Erika, qual è la tua storia?

Ho 28 anni, sono nata a Milano ma ho vissuto tutta la mia infanzia e adolescenza a Varese. Grazie all’Università, ho potuto riscoprire le bellezze del capoluogo meneghino, venendo completamente travolta dagli infiniti stimoli che questa città emana. L’interesse per la fotografia è nato durante i miei studi in Filosofia e Scienze Cognitive: ho iniziato ad applicare lo studio dell’essere umano e della sua realtà, sia conscia che inconscia, alle arti figurative. Ciò che mi ha sempre affascinato della fotografia è la possibilità, attraverso la finzione scenica, di creare nuove realtà surreali che rappresentino mondi invisibili propri dell’essere umano.

Quando hai deciso che sarebbe diventato il tuo lavoro?

La miccia, come ti dicevo, si è accesa durante il periodo universitario e ha iniziato a bruciare sempre più fino a esplodere definitivamente di ritorno da un viaggio a Barcellona dopo la laurea. Ci ho vissuto per qualche mese e lì ho scoperto tantissime realtà; in quel periodo ho conosciuto varie persone provenienti da ambienti artistici completamente diversi: musicisti, teatranti, circensi, costumisti e scenografi. È stato grazie all’intreccio di tutte queste persone che ho iniziato a fare vari reportage fotografici sui loro mondi, concentrandomi soprattutto su quella punta di surrealismo che caratterizzava il loro modo di vivere la quotidianità.
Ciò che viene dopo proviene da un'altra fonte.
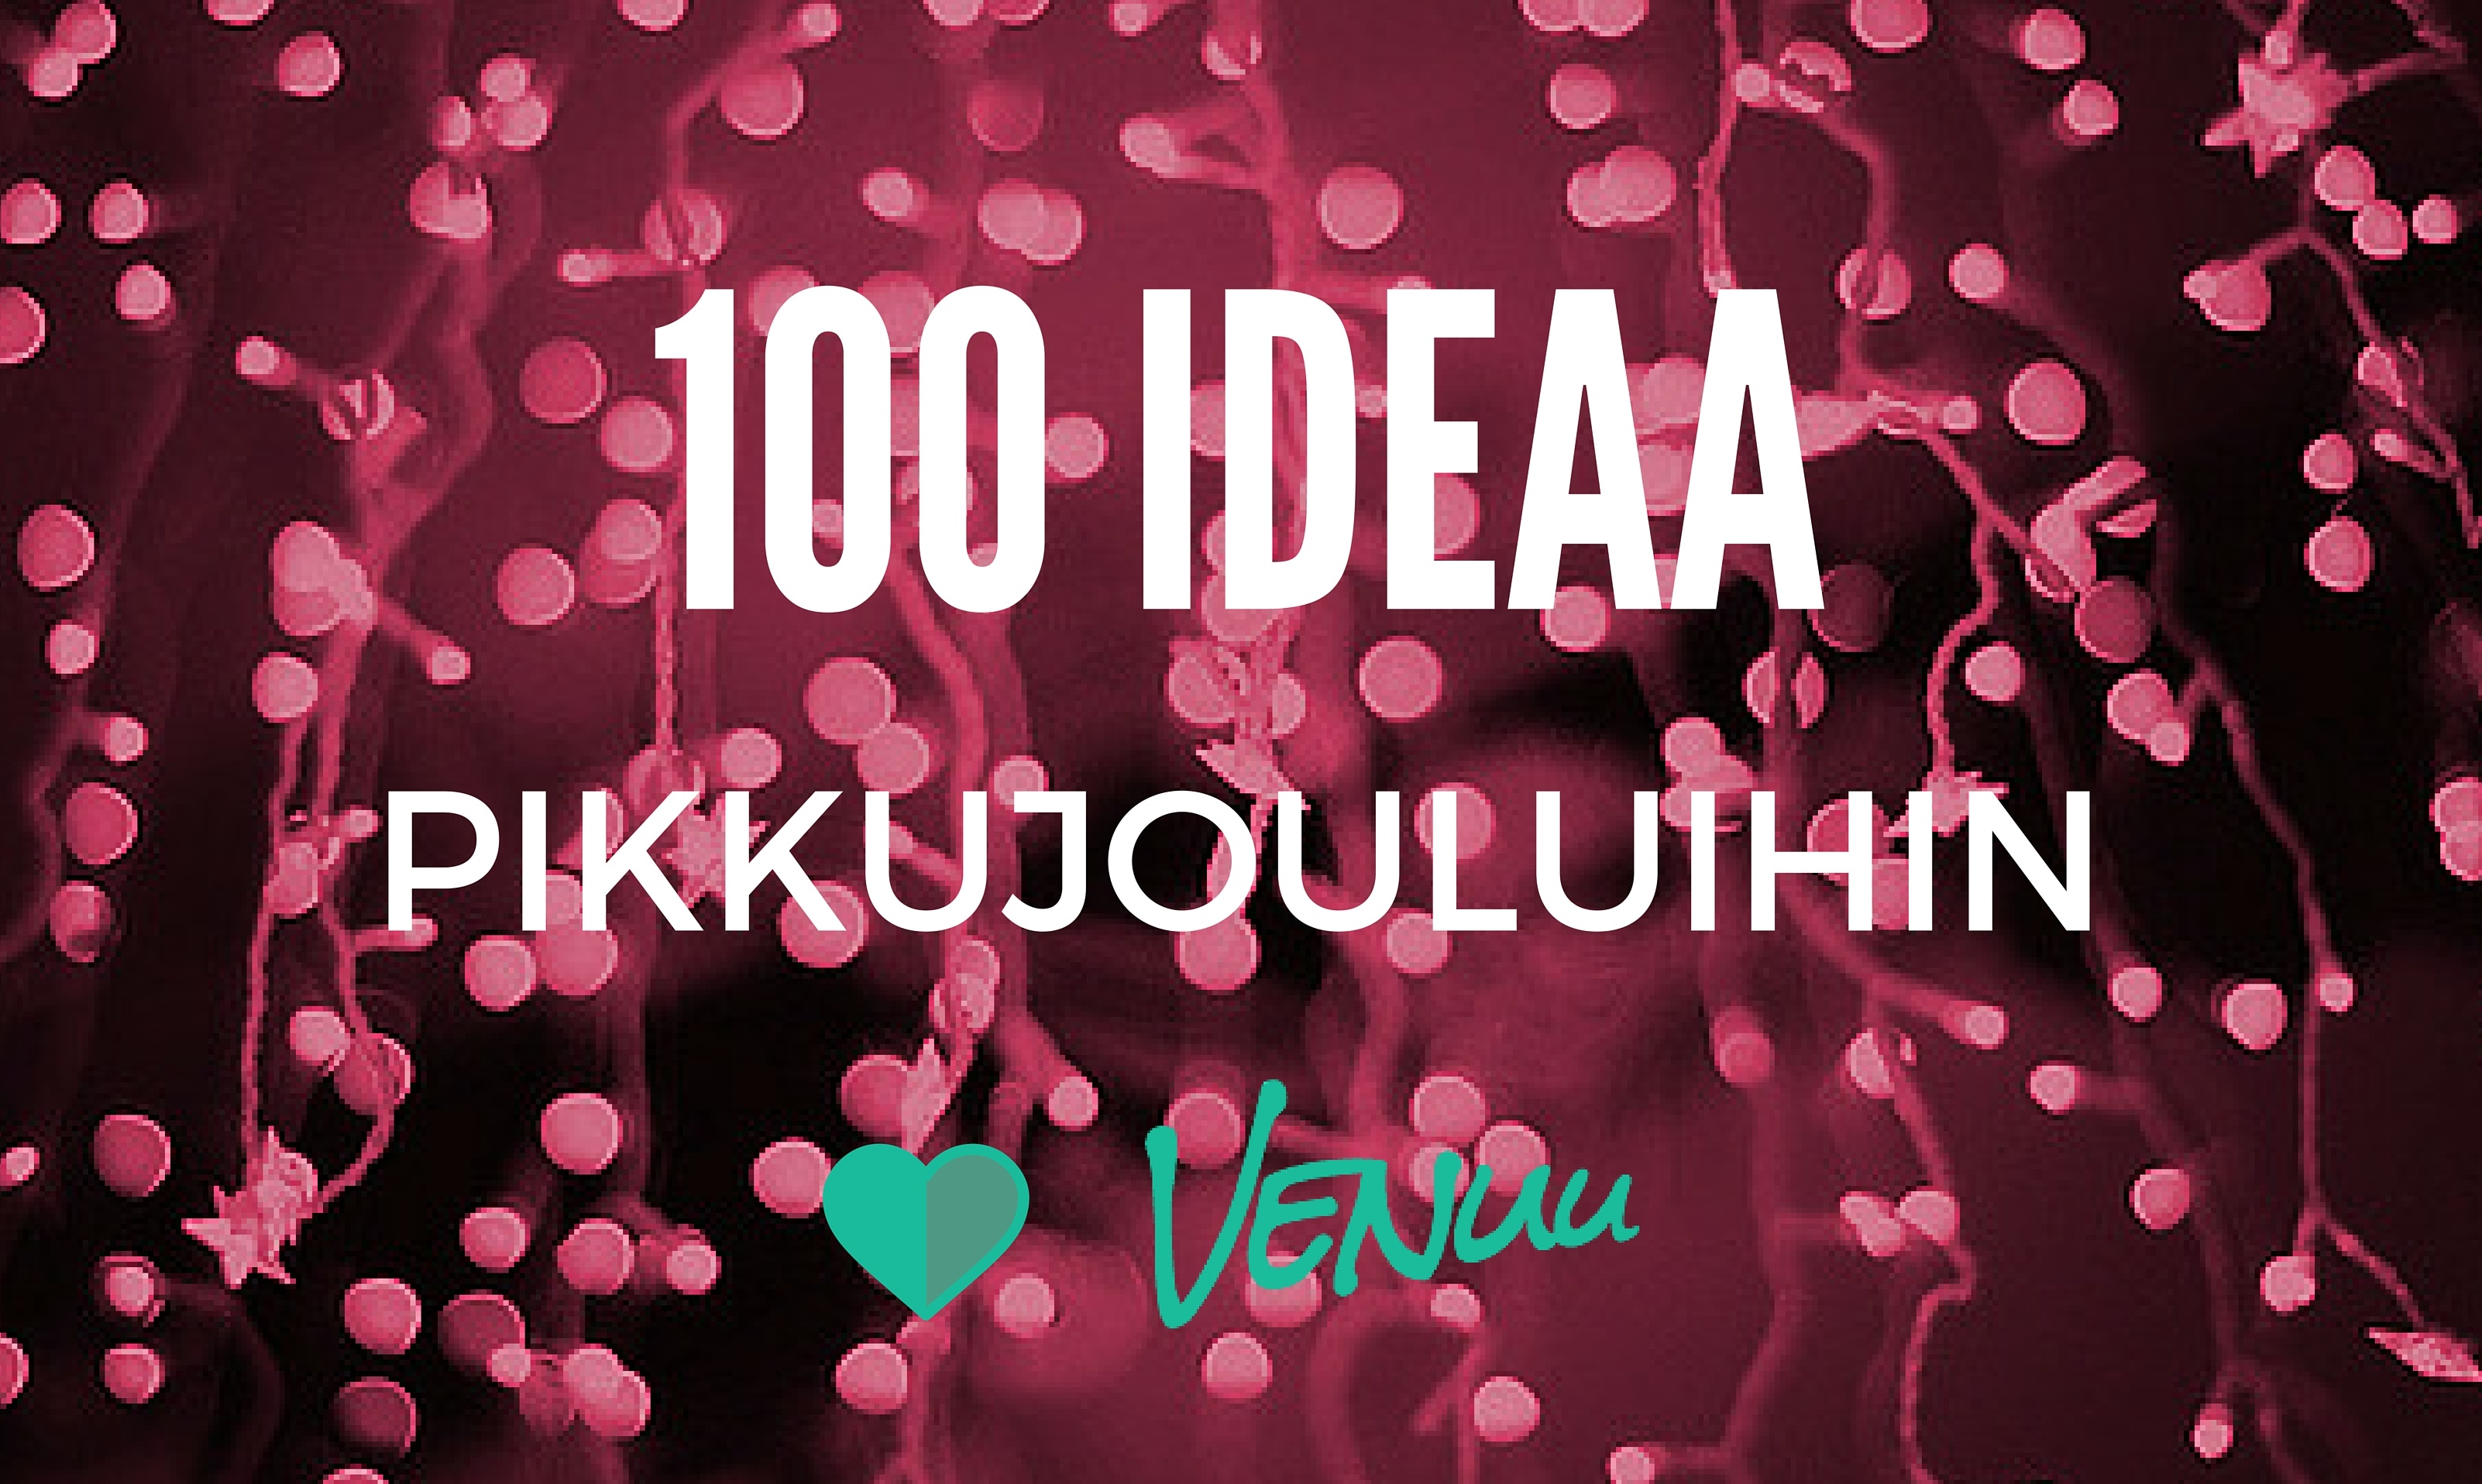 100<em>ideaa</em>pikkujouluihin.jpg

È qui che è venuta a galla la consapevolezza di quale caratteristica saliente volessi dare alla mia fotografia: ricreare un mixage tra dimensione onirica e realtà quotidiana, conducendo i soggetti delle immagini a interagire direttamente con lo spazio circostante, immergendosi in una dimensione extrasensoriale. Con l’idea ben chiara di quello che volevo esprimere ho iniziato a creare nuovi progetti, grazie ai quali hanno iniziato a comparire i primi lavori su commissione, fino a far diventare questa mia passione un vero e proprio lavoro.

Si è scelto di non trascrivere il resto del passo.